# [PROBLEM DESCRIPTION]
Ignoring the pictures, copy the data exactly.

# [RECORDED INFORMATION]

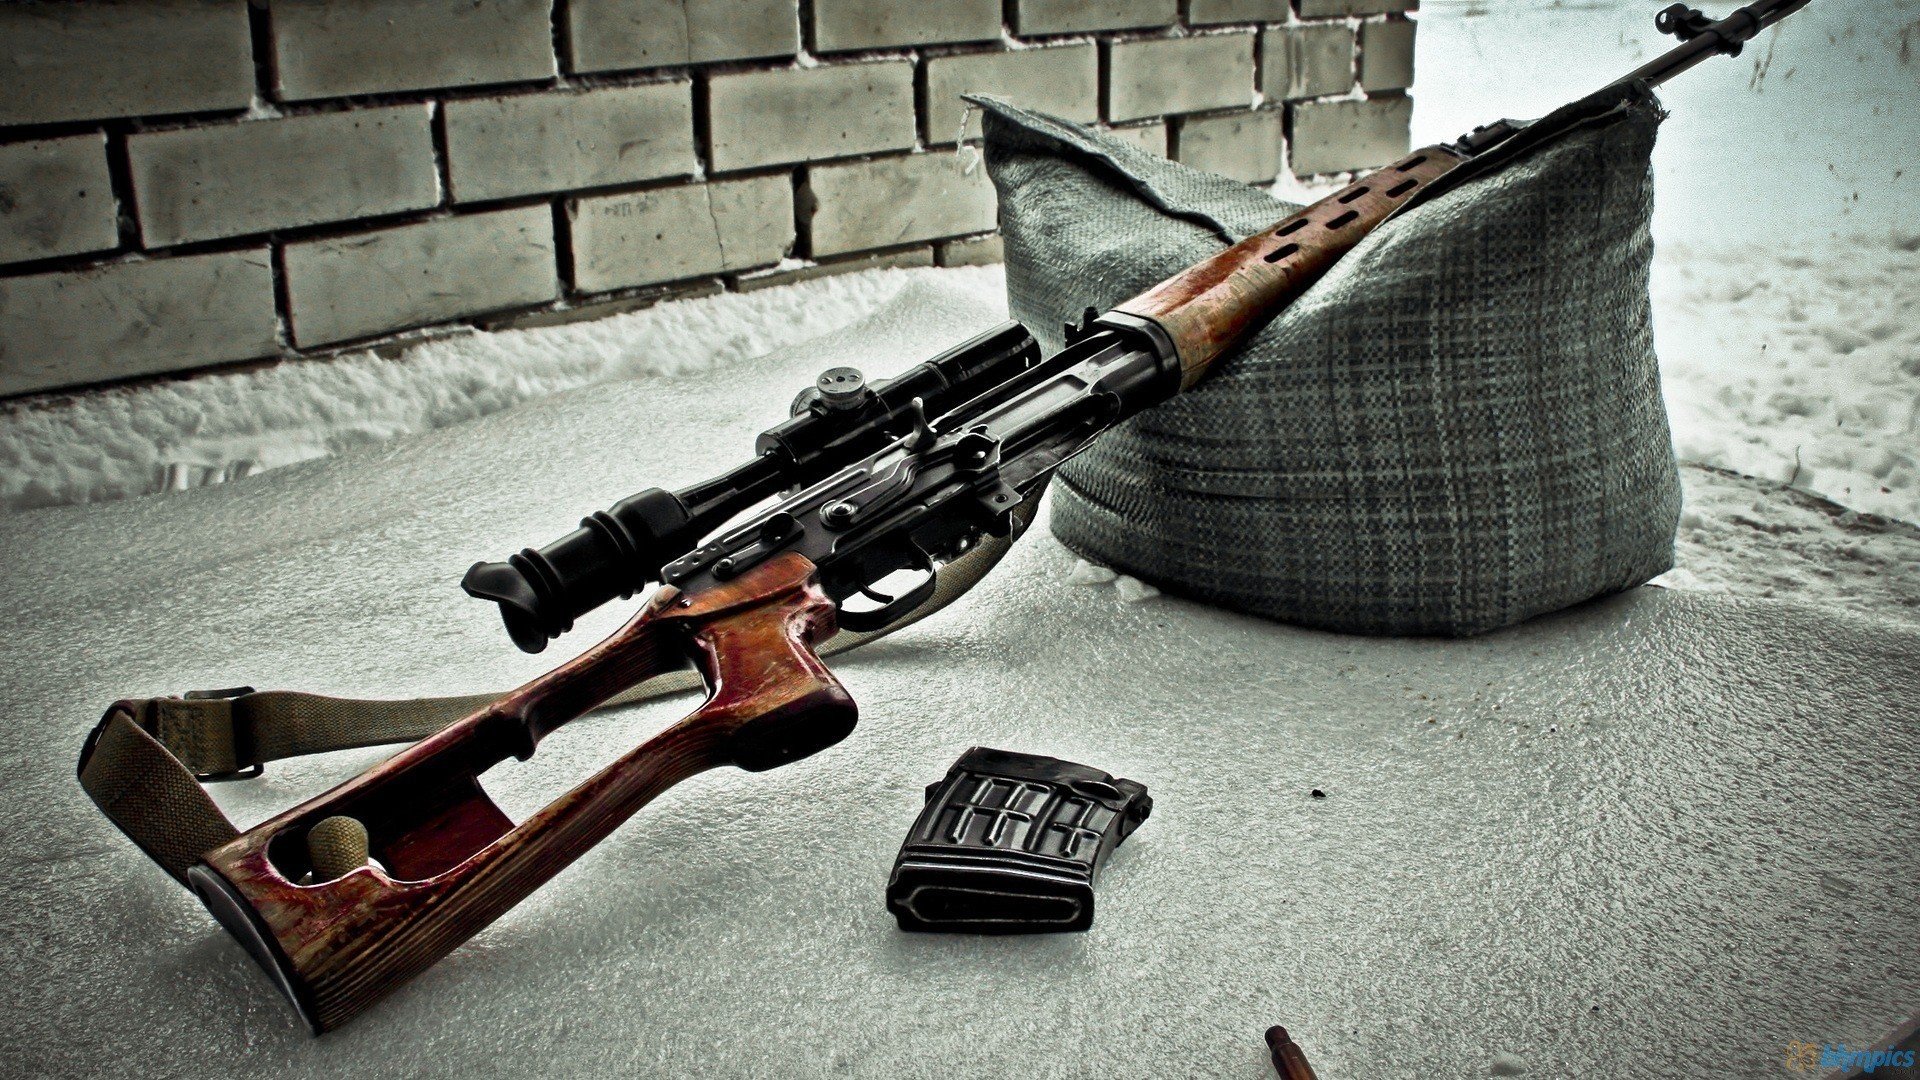 Free Download Sniper Rifle Wallpaper Id282987 Full Hd 1080p For Desktop
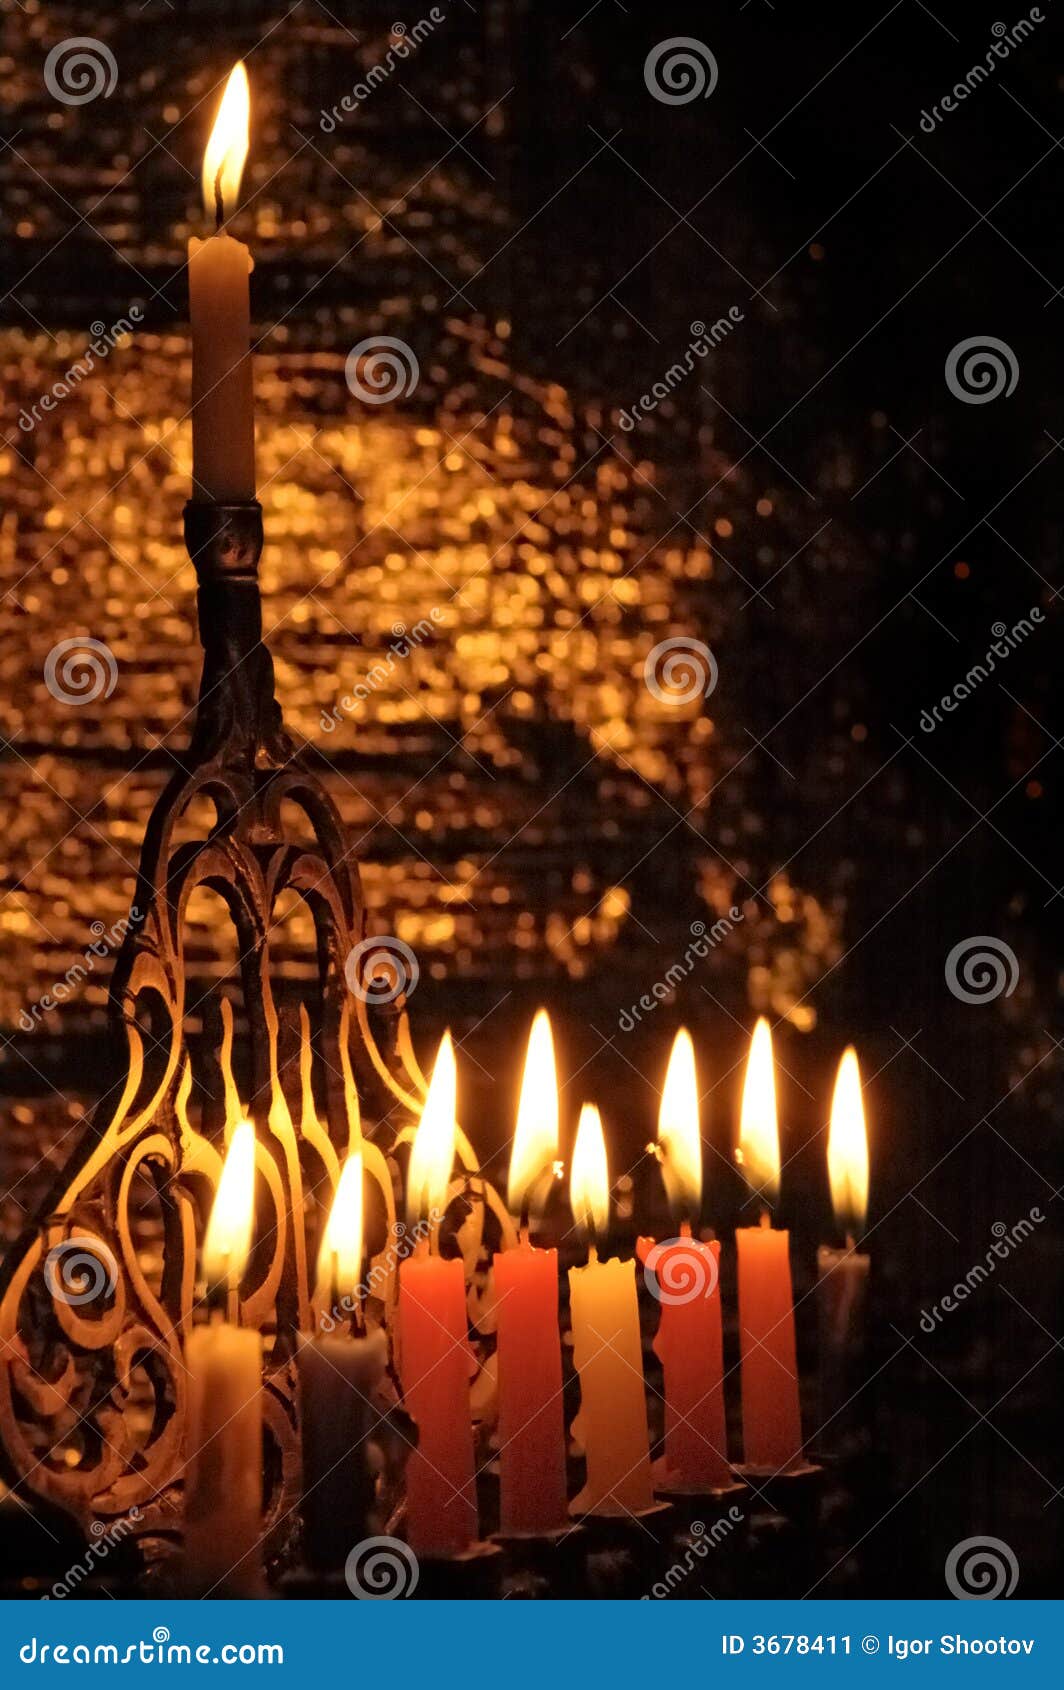 chanuka candles
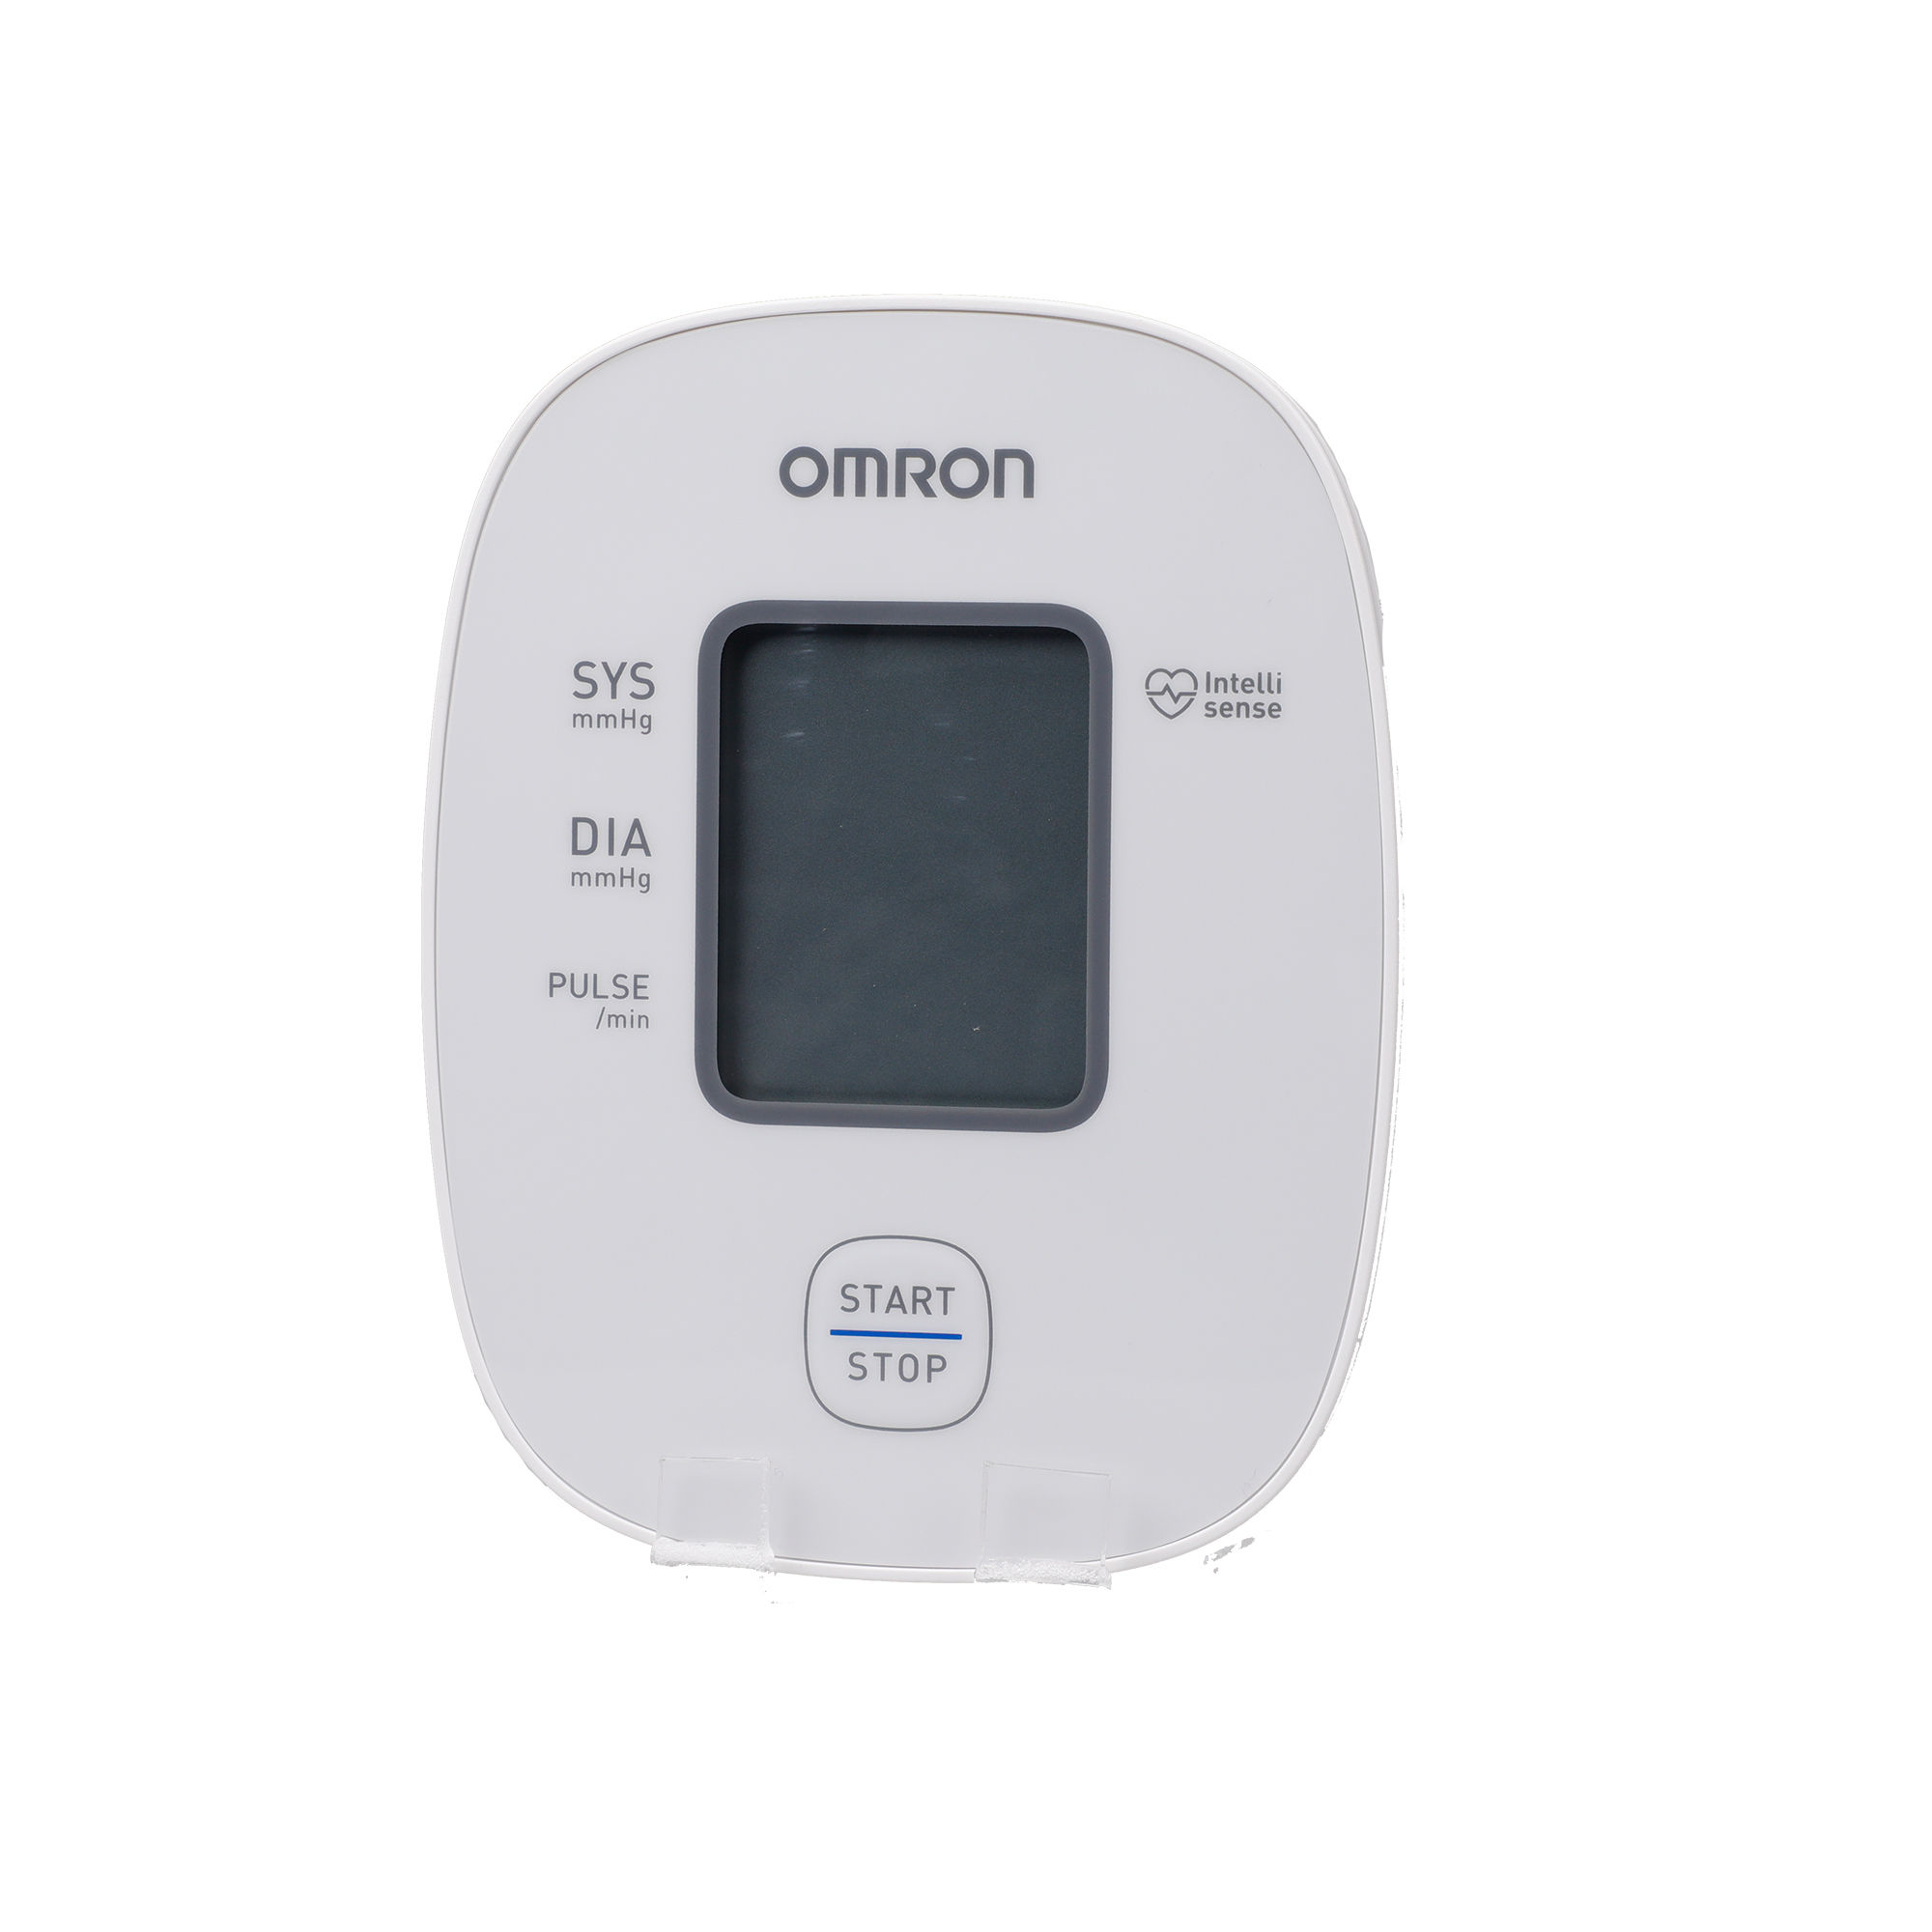 Omron Blood Pressure Monitor HEM-7121 J, 1 Count, Pack of 1

# [SOLUTION TO THIS PROBLEM]
 Free Download Sniper Rifle Wallpaper Id282987 Full Hd 1080p For Desktop
 chanuka candles
 Omron Blood Pressure Monitor HEM-7121 J, 1 Count, Pack of 1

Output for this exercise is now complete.